# How many of you would rent studio space?  And what would you be willing to pay?



## benhasajeep (Mar 18, 2011)

I have been approached by several people that know me in town. And they suggested I open a studio. And I keep shying away from that since I really don't want to do it full time. Well my wife was thinking in the same line. But instead of us runing it all the time as a single operator studio. Have it available for rental for other photographers (pro and personal use). My first thinking is I really don't want to rent out my equipment. But, quite a few people say they just need propper space and things like supports and tracks.

Well just the other day a very good space became available at an attractive cost. There is 1 other place that I know that will lease studio time to other pro's. But not the general public.

Would you rent by the hour studio space? 

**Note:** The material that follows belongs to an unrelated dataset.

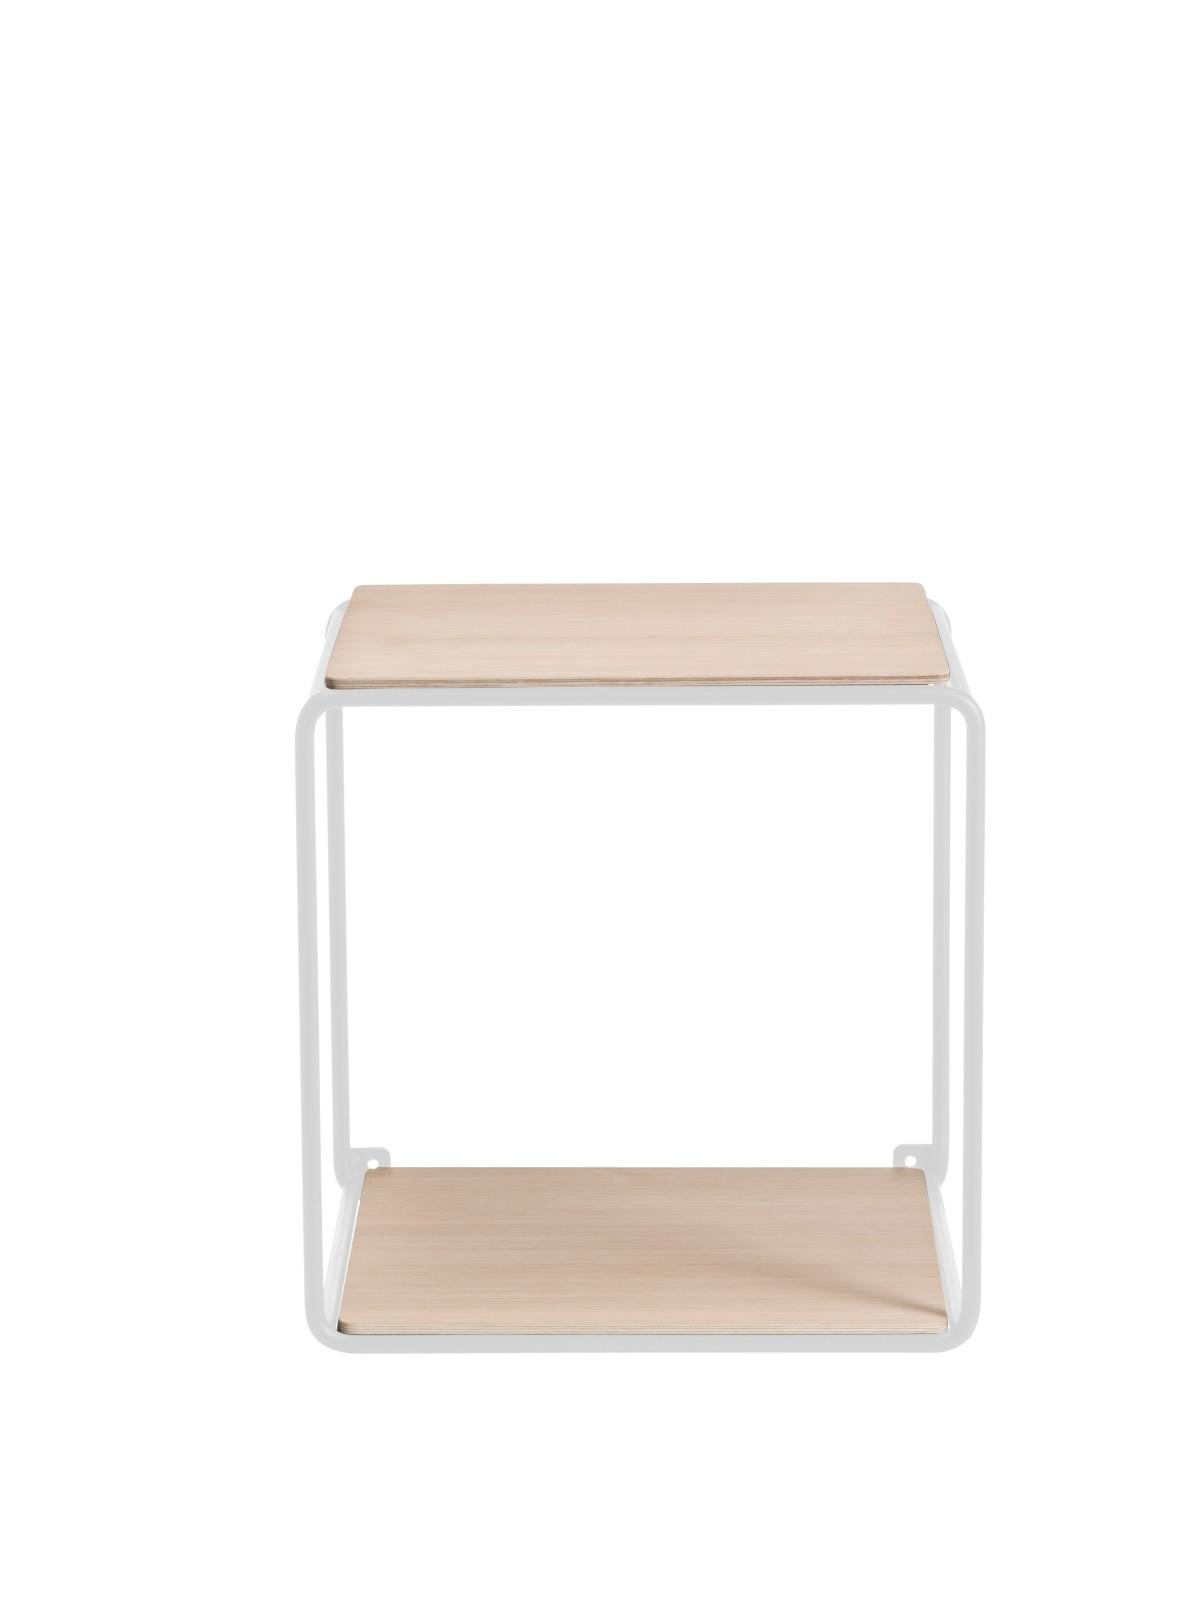 Anywhere System Shelf Anywhere 1 x 1 w. 2 shelves White/Oak
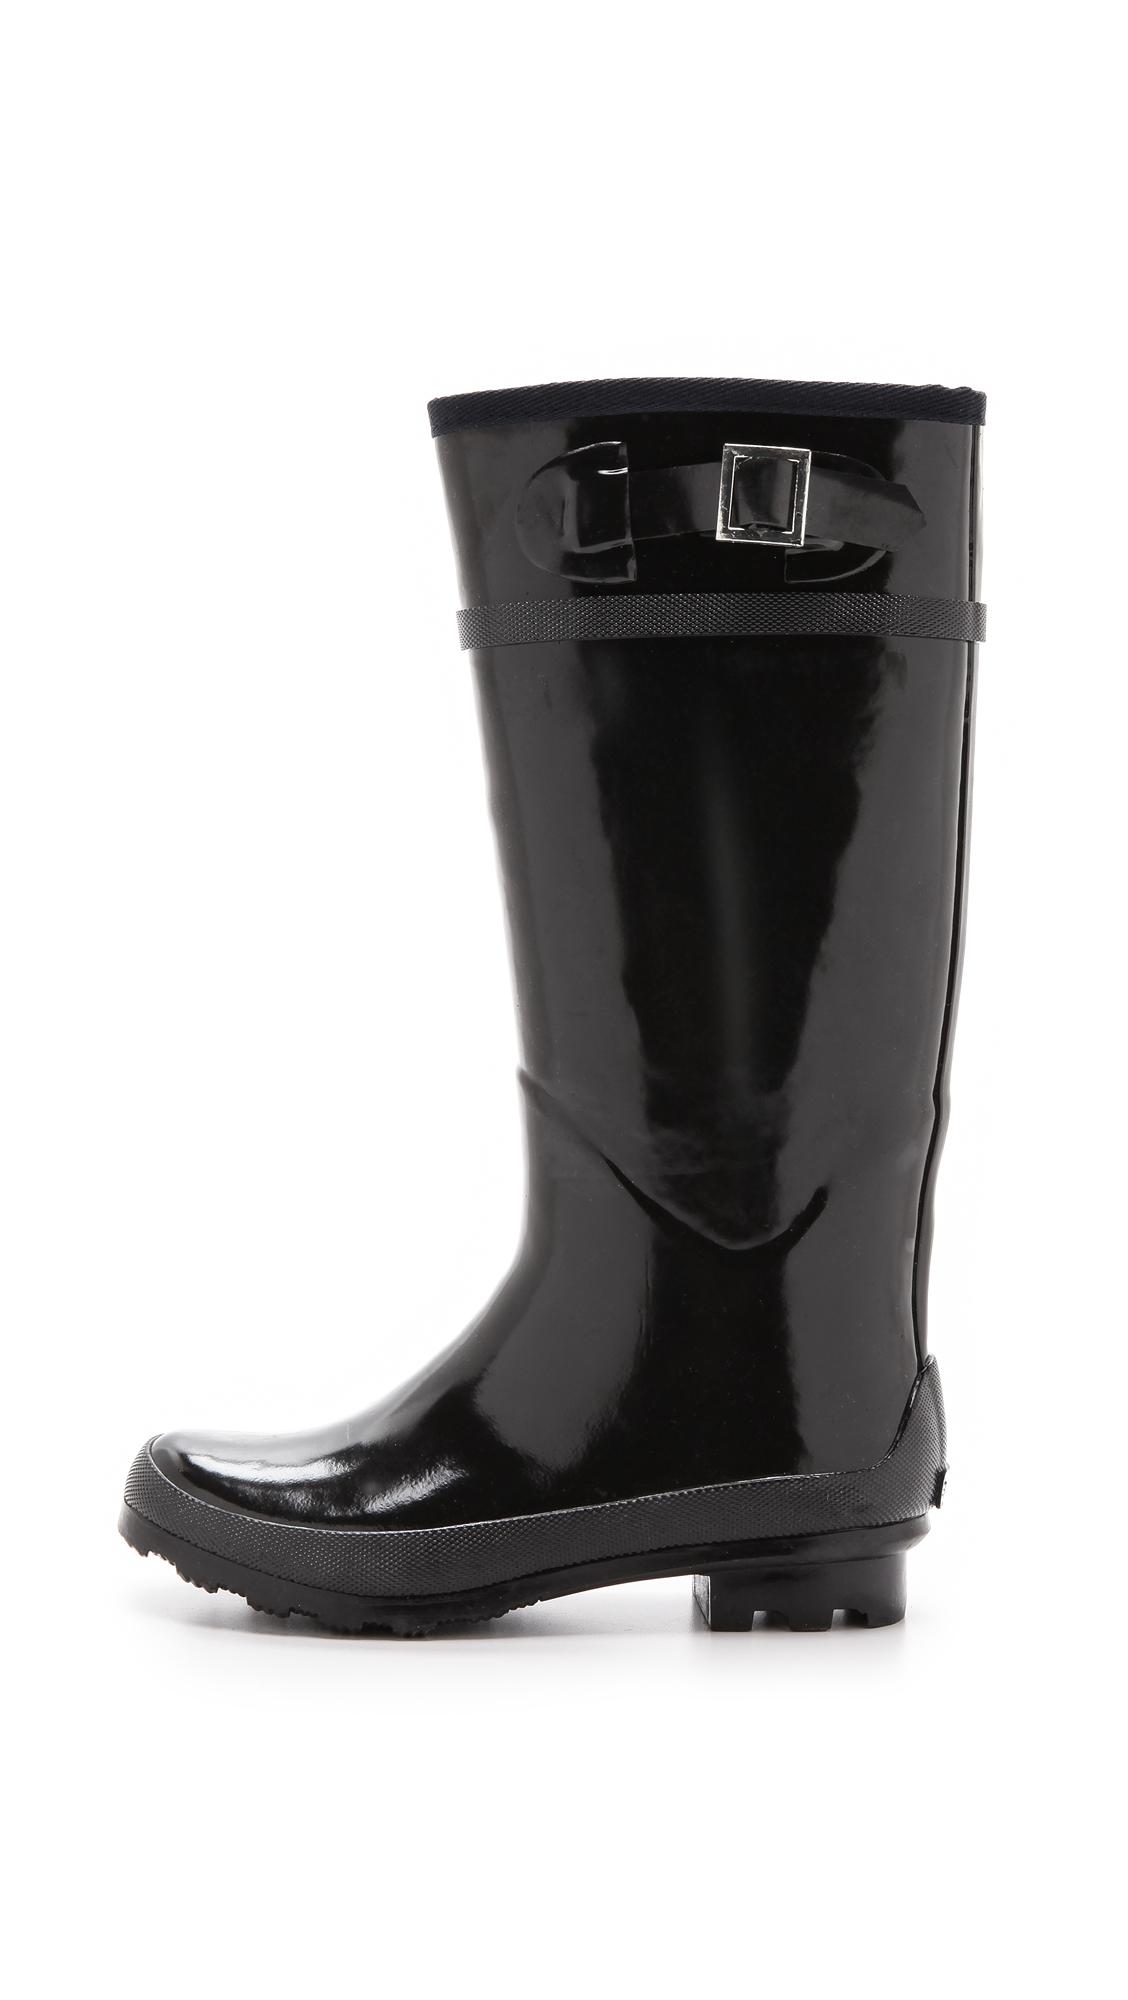 Superga Tall Rain Boots - Black

What would you consider a fair price per hour for just propper space with ceiling track / mounts, and background supports whith say 1/2 dozen backgrounds to choose from? You supply your own photo gear. Maybe I supply light stands as well.

If you did rent, how often would you rent it given the price your willing to pay per hour.

Would you consider joining a "club" for better rates but higher up front costs?

If you would only do it if lighting gear was provided. Say up to 4 lights. What price would you be willing to pay?

This is serious questions. So, please be kind in your replies.

I already have business license, tax ID's, and insurance (would need modifying I am sure). I know the buildings costs for utilities for the last 3 years. No property taxes as the space would be a lease. Basically for a business plan, I would like to know what semi-serious to pro's are interested in, who for one reason or another cannot have their own dedicated space.

I would like to add, to save on expenses.  It would not be attended all the time.  And facility would be available 24 hours.  Entry would be by a magnetic key card set to each person.  Something like 24 hour gyms use now.  This would be photographer using own gear this way.  Rental time with gear included would only be while studio is attended for security reasons!

Thanks.


----------



## Big Mike (Mar 18, 2011)

I think it's a good idea, within reason.  I mean, if you can generate a loyal group of rental clients to keep the cash flowing...then you can concentrate on using it yourself and drumming up additional renters.  

I do think that having renal lighting gear would be a good idea.  The market size for people who have their own lighting gear, is much smaller than the market of photographers (or wanna-be photographers) that don't have their own lights.  Of course, you will want to get some pretty heavy duty stands and durable, pro-level lights...and count of having some repair & maintenance costs.  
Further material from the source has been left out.